Clinical manifestations of oligohydramnios are not pronounced. Sometimes pregnant women may complain of pain when the fetus moves. With severe oligohydramnios, cords in the form of threads and ribbons (Simonartian ligaments) can form between the fetal skin and the amniotic membrane. These bands (amniotic bands) can limit the mobility of parts of the fetus and cause amputation of fingers and even limbs of the fetus. Compression of the umbilical cord can lead to fetal death. Due to the tight fit of the uterine wall to the fetus, long-term oligohydramnios can cause curvature of the spine and clubfoot. The diagnosis of oligohydramnios is based on data from clinical observation of the course of pregnancy and instrumental examination (ultrasound). When monitoring a pregnant woman, a lag in the size of the uterus (OB, height of the uterine fundus) from the indicators characteristic of the expected period of pregnancy is revealed. The motor activity of the fetus decreases. Ultrasound helps determine the volume of amniotic fluid, the size of the fetus, its malformations, and signs of fetal growth retardation. If the depth of the vertical amnion pouch is less than 1 cm and the AF index is less than 5 cm during full-term pregnancy, the diagnosis of “oligohydramnios” is confirmed. Ultrasound screening to exclude pathognomonic signs of CA and fetal malformations is carried out three times (at 12, 22 and 32 weeks of pregnancy).

With a slight (from 500 to 300 ml) or moderate (from 300 to 150 ml) decrease in the amount of OM, the course of pregnancy does not differ significantly from the physiological one. With severe oligohydramnios (from 150 to 50 ml) and anhydramnios (less than 50 ml), pregnancy occurs with complications. The most common threat is miscarriage . Women with oligohydramnios develop PE in 1/3 of cases. PlN, chronic fetal hypoxia, and intrauterine growth retardation are often observed.

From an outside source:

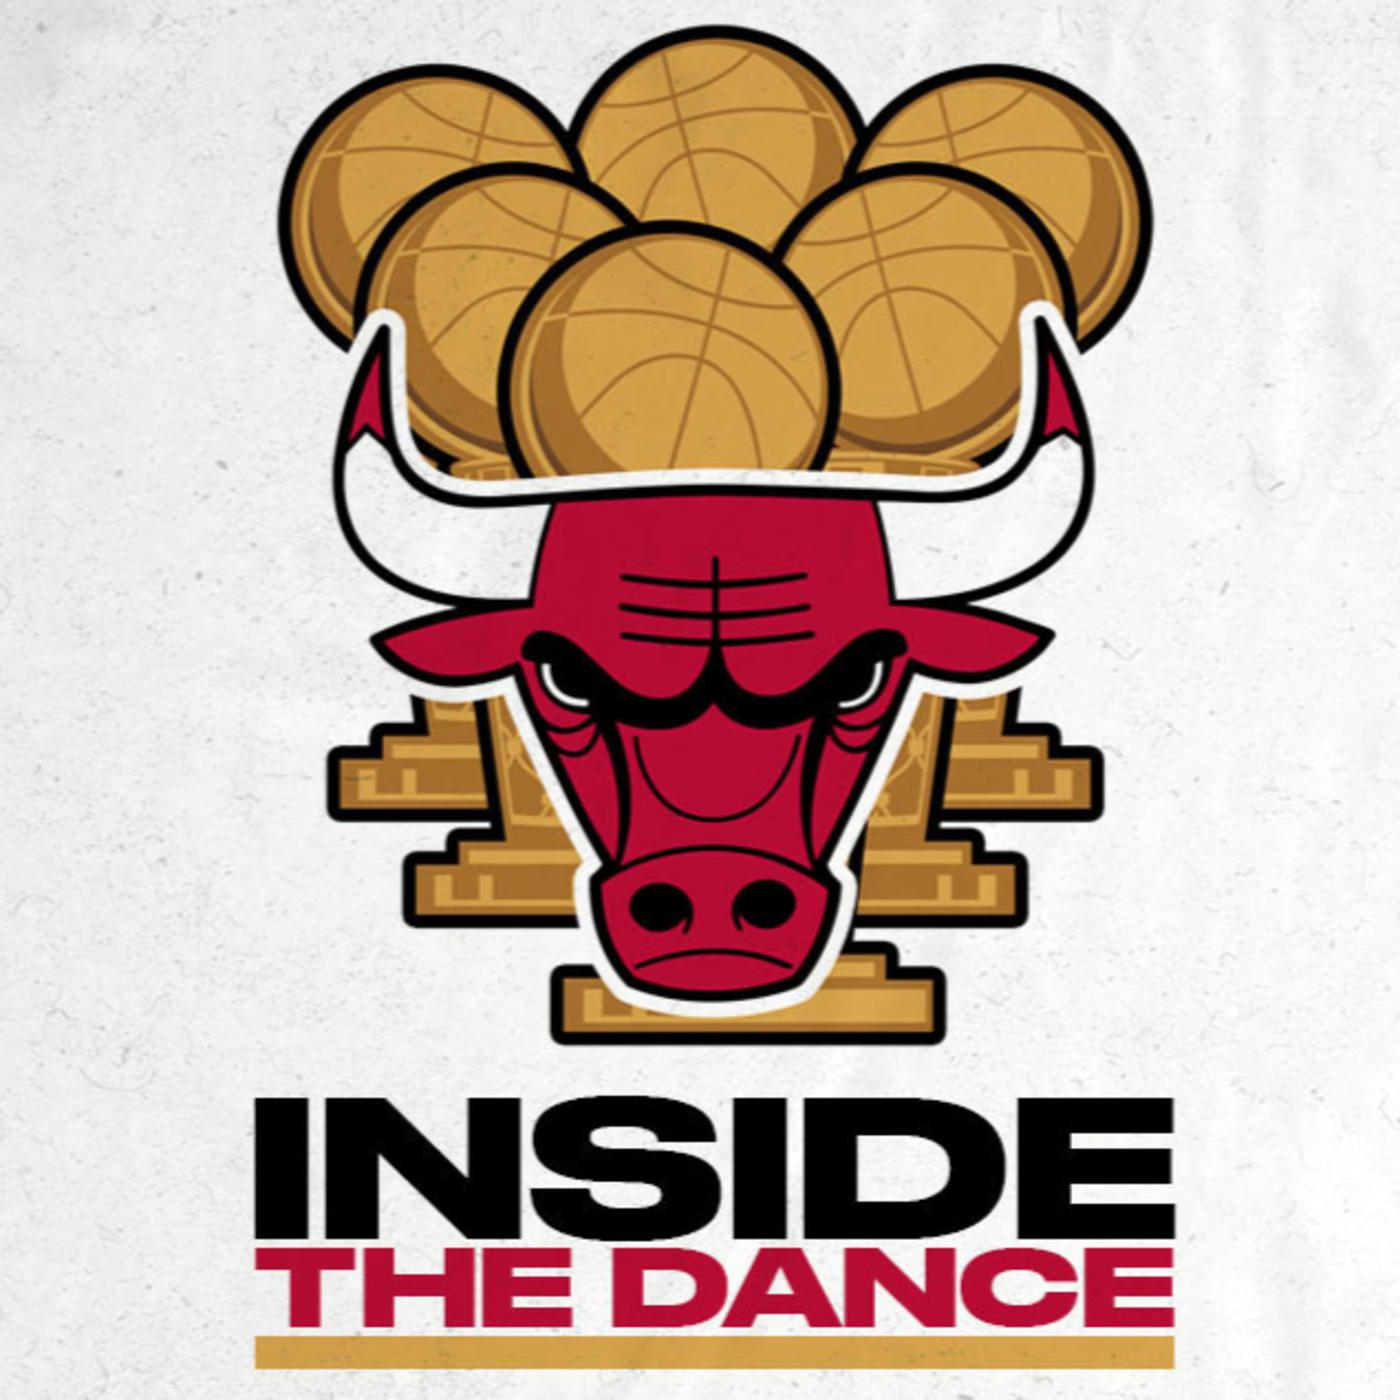 Chicago bulls christmas day jerseys

In case of slight or moderate oligohydramnios, which developed in the third trimester, and the absence of fetal development abnormalities (according to ultrasound), pregnancy is prolonged to full term with dynamic observation and appropriate treatment (drugs that improve placental blood circulation; correction of rheological properties of blood; anti-inflammatory therapy). When IUGR is detected in the third trimester, conservative therapy is carried out, but it is effective only in 12% of cases (with an AF index of at least 3 cm and a gestational age of up to 36 weeks). In the presence of a urogenital infection, antibacterial therapy is indicated.

Severe oligohydramnios, developing in the second trimester, IUGR lead to termination of pregnancy and antenatal fetal death. If congenital malformations of the fetus are detected that are incompatible with life, termination of pregnancy is indicated for medical reasons.

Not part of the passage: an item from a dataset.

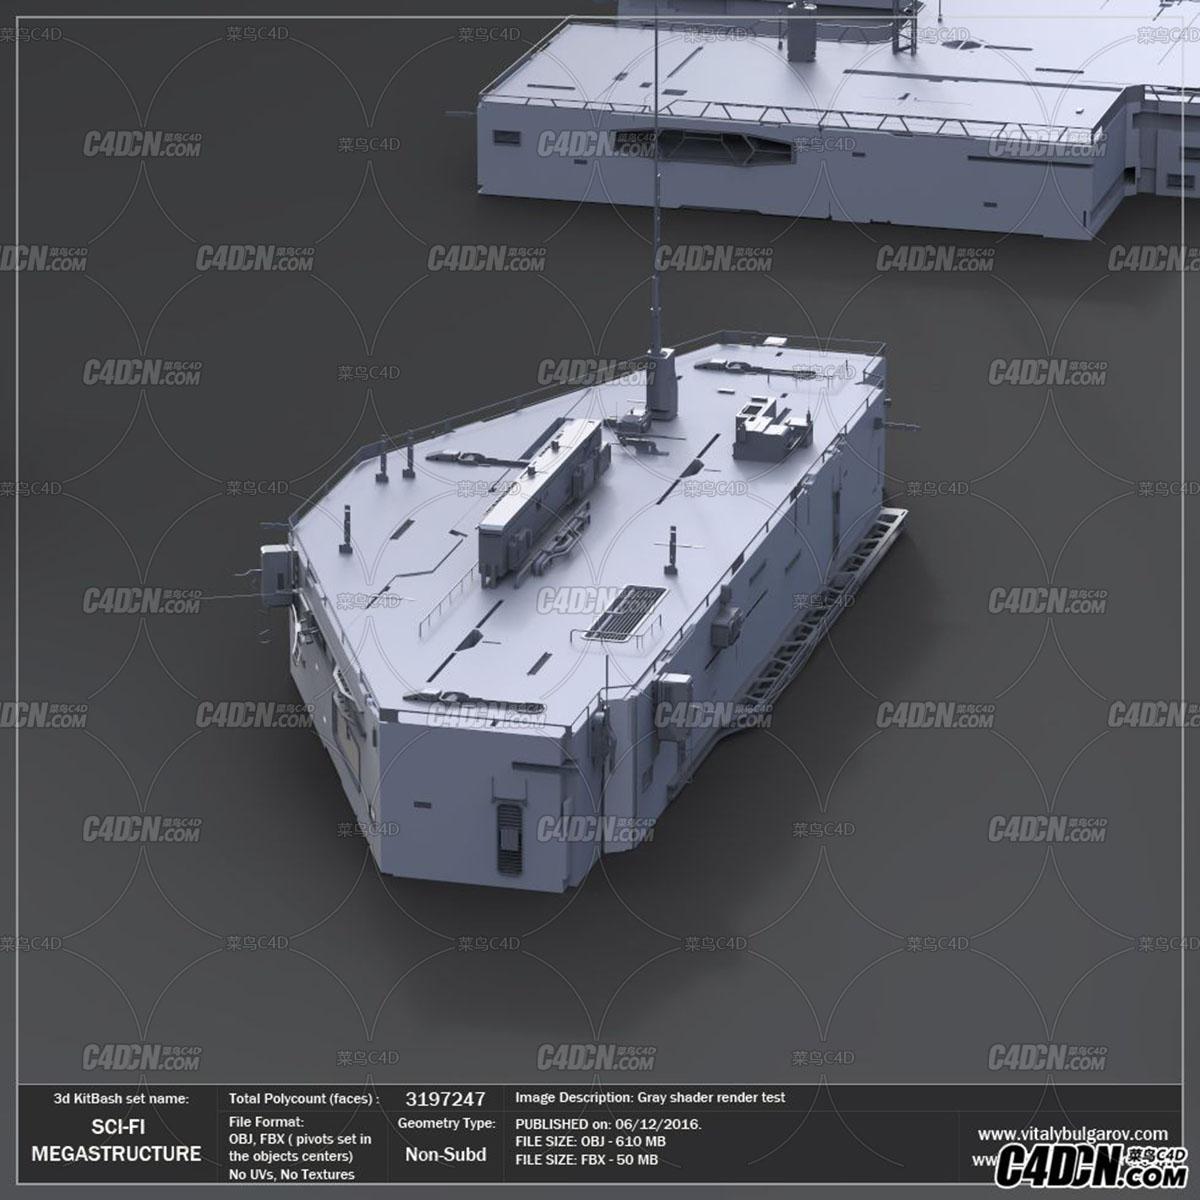 Megastructure_33.jpg

Childbirth in women with oligohydramnios occurs with complications. The most common symptoms are weakness of labor and fetal hypoxia. Due to compression of the umbilical cord, intrapartum fetal death may occur. In the afterbirth and early postpartum periods, a high incidence of bleeding is observed. Childbirth is carried out using early amniotomy (at the beginning of the first stage of labor) under constant cardiac monitoring of the fetal condition. Prevention of bleeding in the afterbirth and early postpartum period is carried out (methylergometrine, oxytocin). If fetal hypoxia develops during labor, emergency CS delivery is indicated. The incidence of distress syndrome in newborns with oligohydramnios is 10%. Newborns born to mothers with severe oligohydramnios are characterized by a decrease in adaptive capabilities.

In the structure of perinatal losses due to oligohydramnios, fetal malformations (bilateral agenesis and dysgenesis of the kidneys, Meckel-Gruber syndrome, Potter syndrome I and Potter syndrome II), fetal hypoxia, fetal growth restriction syndrome of degree II-III are in first place.

The incidence of oligohydramnios ranges from 0.7% to 5.5% . A decrease in the amount of amniotic fluid occurs against the background of fetoplacental insufficiency, complicates the course of pregnancy with chronic intrauterine fetal hypoxia, intrauterine growth retardation and, according to many authors, is a marker of fetal distress.

Depending on the degree of reduction in the amount of amniotic fluid, all pregnant women with oligohydramnios can be divided into 2 groups: with moderate oligohydramnios and with severe oligohydramnios.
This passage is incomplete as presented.